Derby Party Planning
I’ve gone back to my novel THE HOUSE AT HOPE’S END after no publisher in New York wanted it. I’ve aged out of that market, finally. I had a long run. I wanted to update it and make it better before I start submitting it to independent presses. When I’m away from any piece of writing for a time, I see ways to improve it. I’ve revised ten chapters to far. No poems this week, as all my energy and creativity are going into the revision.
Last year I couldn’t hold my June juried intensive poetry workshop that I hold every year here in Wellfleet. I postponed it twice before giving up. I do definitely intend to hold it this year [unless Gov Baker closes the borders again] and have secured venues for the morning sessions. But for the first time ever, three poets have dropped out as time goes by. I usually have one poet drop out in May when 15 poems are due and so is the rest of the fee. It gets very real then. This is the first year I have had three poets drop out before the 2nd part of the fee is due. I always have two alternates. I added them. But a third just this week! Some are afraid of flying, some have no money for the workshop fees because Covid put them out of work. One has health issues now. I’m insisting they all be fully vaccinated. I assume we’ll have to do a ZOOM reading instead of a live event at the library, as we have done every other year of the workshop.
For many years, we have given a Kentucky Derby party that early May afternoon, generally 20-22 friends. We have not given a party since Covid struck -- no Derby party, no birthday parties for us or friends no workshop party as no workshop, no Solstice party in December. We could not hold our usual Pesach seder or our Rosh Hashonah seder. We had begun to see a few very careful friends, one or one couple at a time, usually several weeks after a visit. We saw friends in that way during warm weather as we could sit ten feet apart on the sun porch.

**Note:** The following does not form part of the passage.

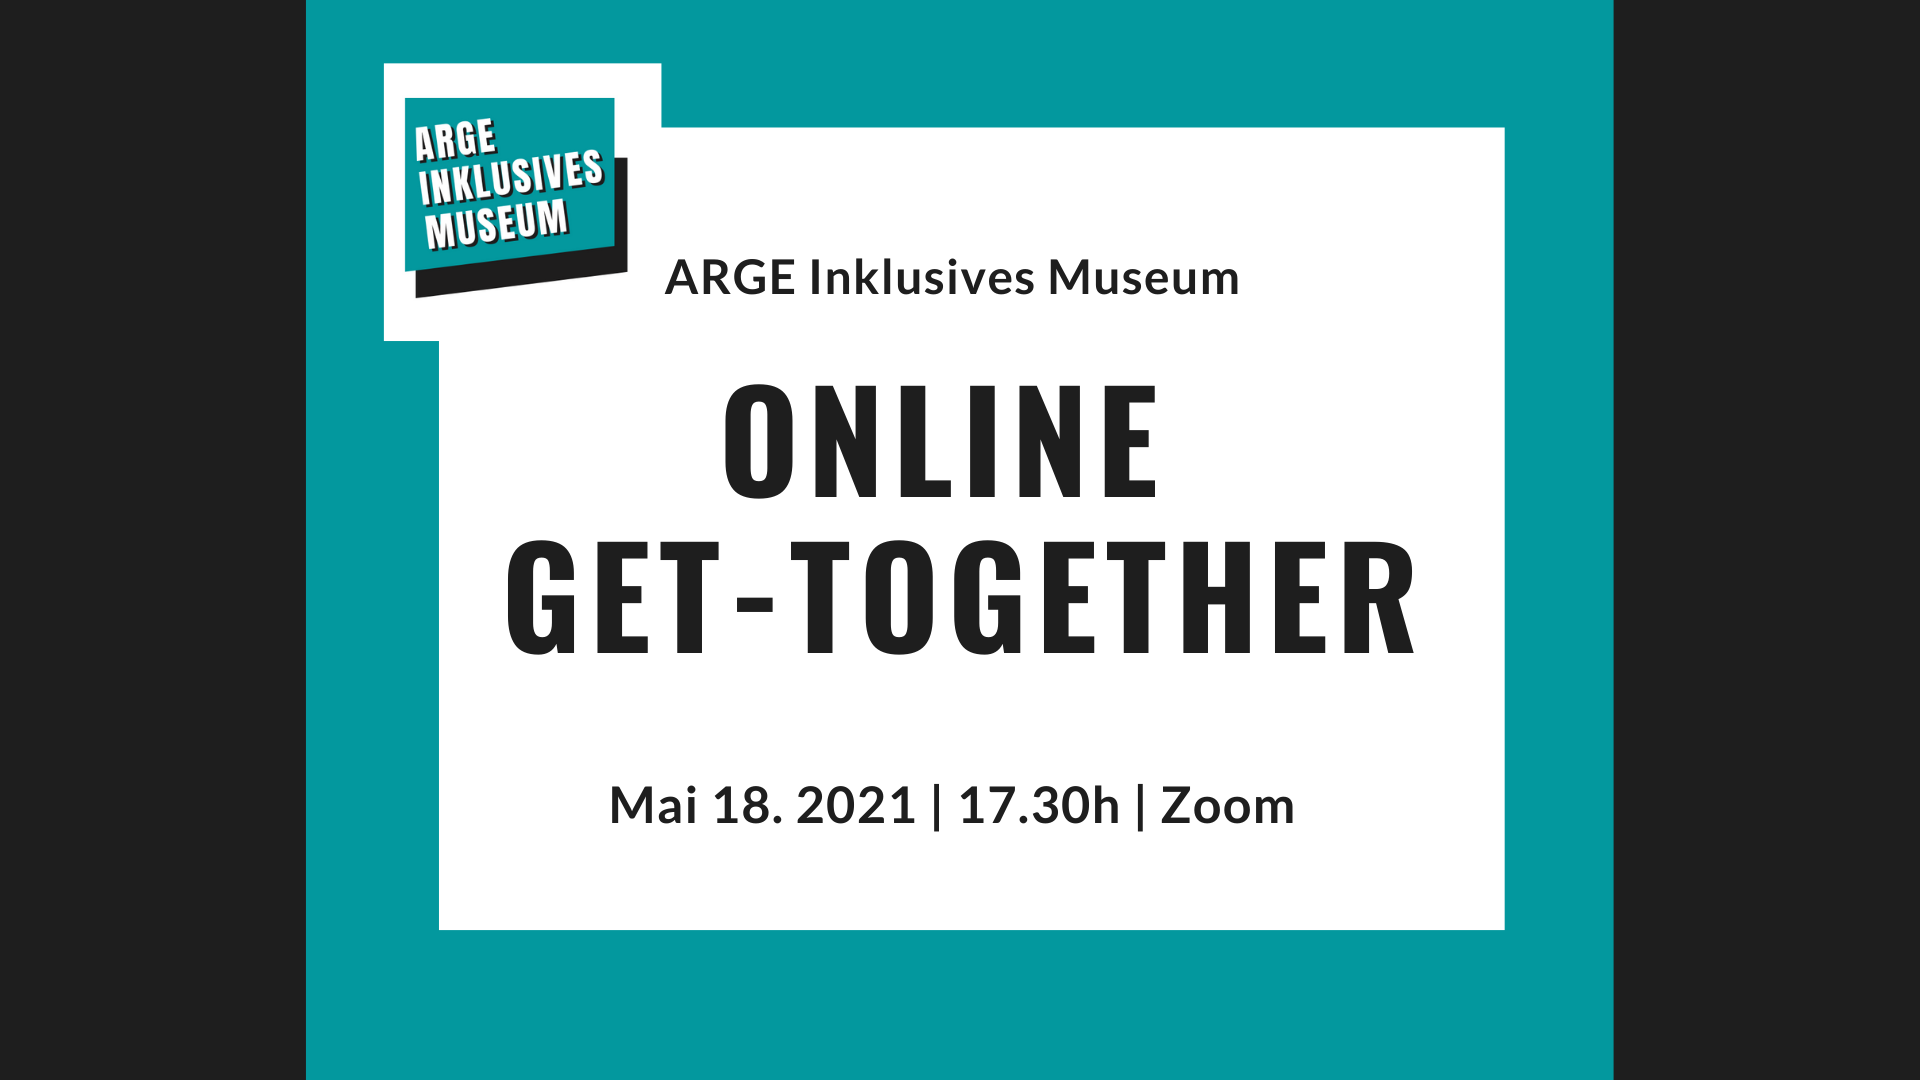 Grafik mit dem Text: ARGE Inklusives Museum. Online Get-Together, 18. Mai 2021, Zoom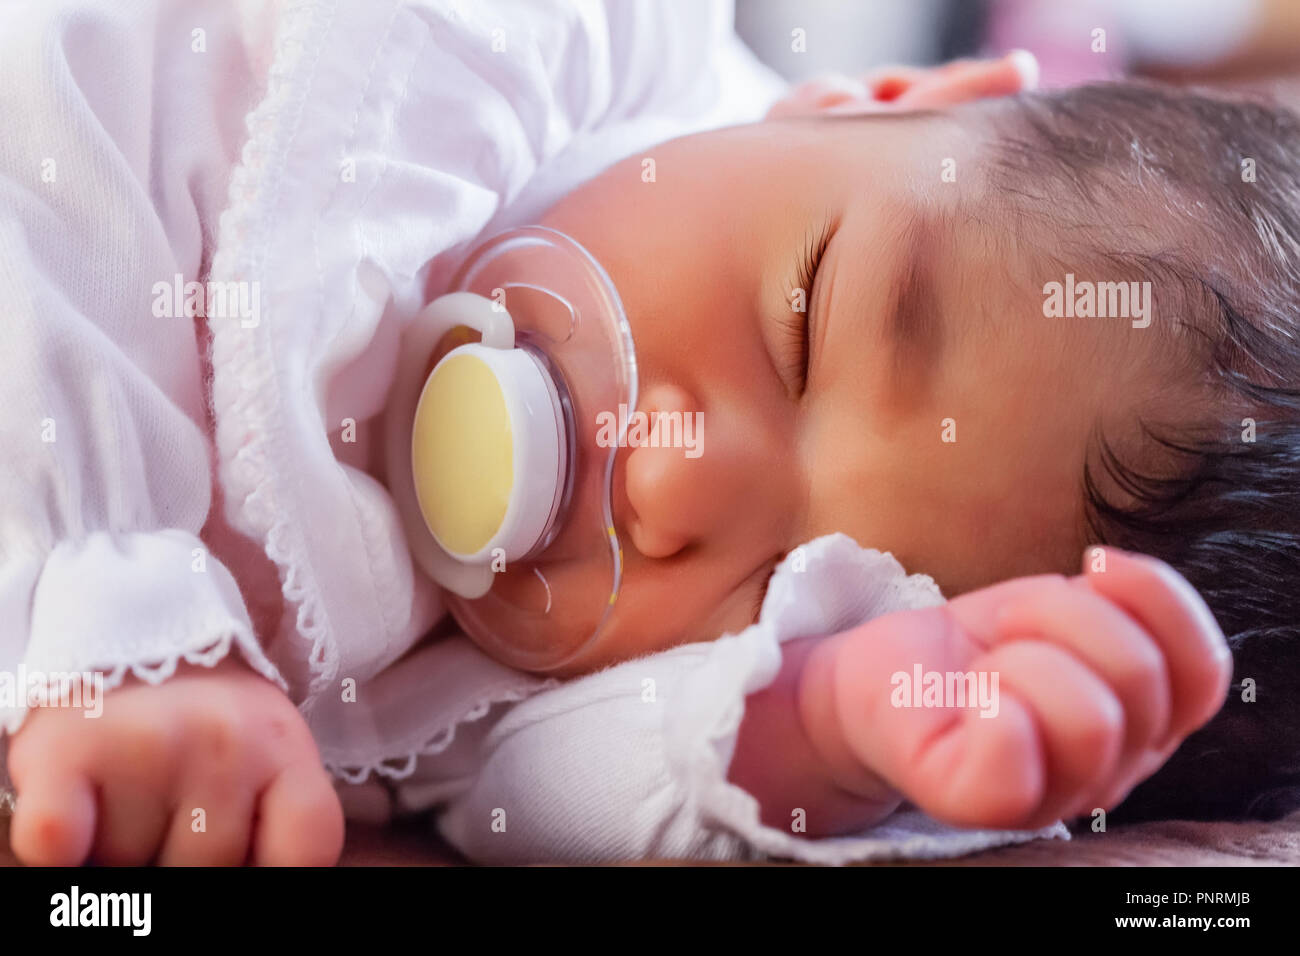 Close up portrait of a cute deux semaines Naissance bebe Fille portant des vêtements en tricot rose tendre, dormir paisiblement avec une tétine, sucette ou factice aka Banque D'Images

This year we’re giving our first party since the 2019 Solstice party. It will be modest, only 7 guests, all vaccinated. Finger food and Woody makes his great mint juleps. We will also have to buy mint for the first Derby party ever. Woody dug up the over run and weedy mint bed to order to make three narrow raised beds for me to fill with flowers attractive to pollinators. We have to make a new mint bed in a contained space this spring –contained because left on its own, mint will take over an area and smother whatever you were trying to grow there.
i’m the one who always wants to give parties. Woody grew up with a father who hated other people coming into his house – freeloaders! invaders! When my parents had people over or went to someone else’s gathering, ose were the only times when I could be sure my parents didn’t fight and were on their company behavior. Friends thought them a happy couple; I saw their misery. So we have different experiences of social gatherings in the home. Everybody involved this time is quite excited at even a small very limited party after so long in entire or partial isolation.
Myself, I have found one of the most liberating things about being fully vaccinated is being able to use public bathrooms again. Where I could go was strictly limited by how far I could get without using a toilet, not that I went anyplace for months. That was one reason I let my license expire. AAA closed their office in Dennis during Covid. That’s I have always gone for license renewal and could get to and from safely. But not Hyannis, which was high risk anyhow.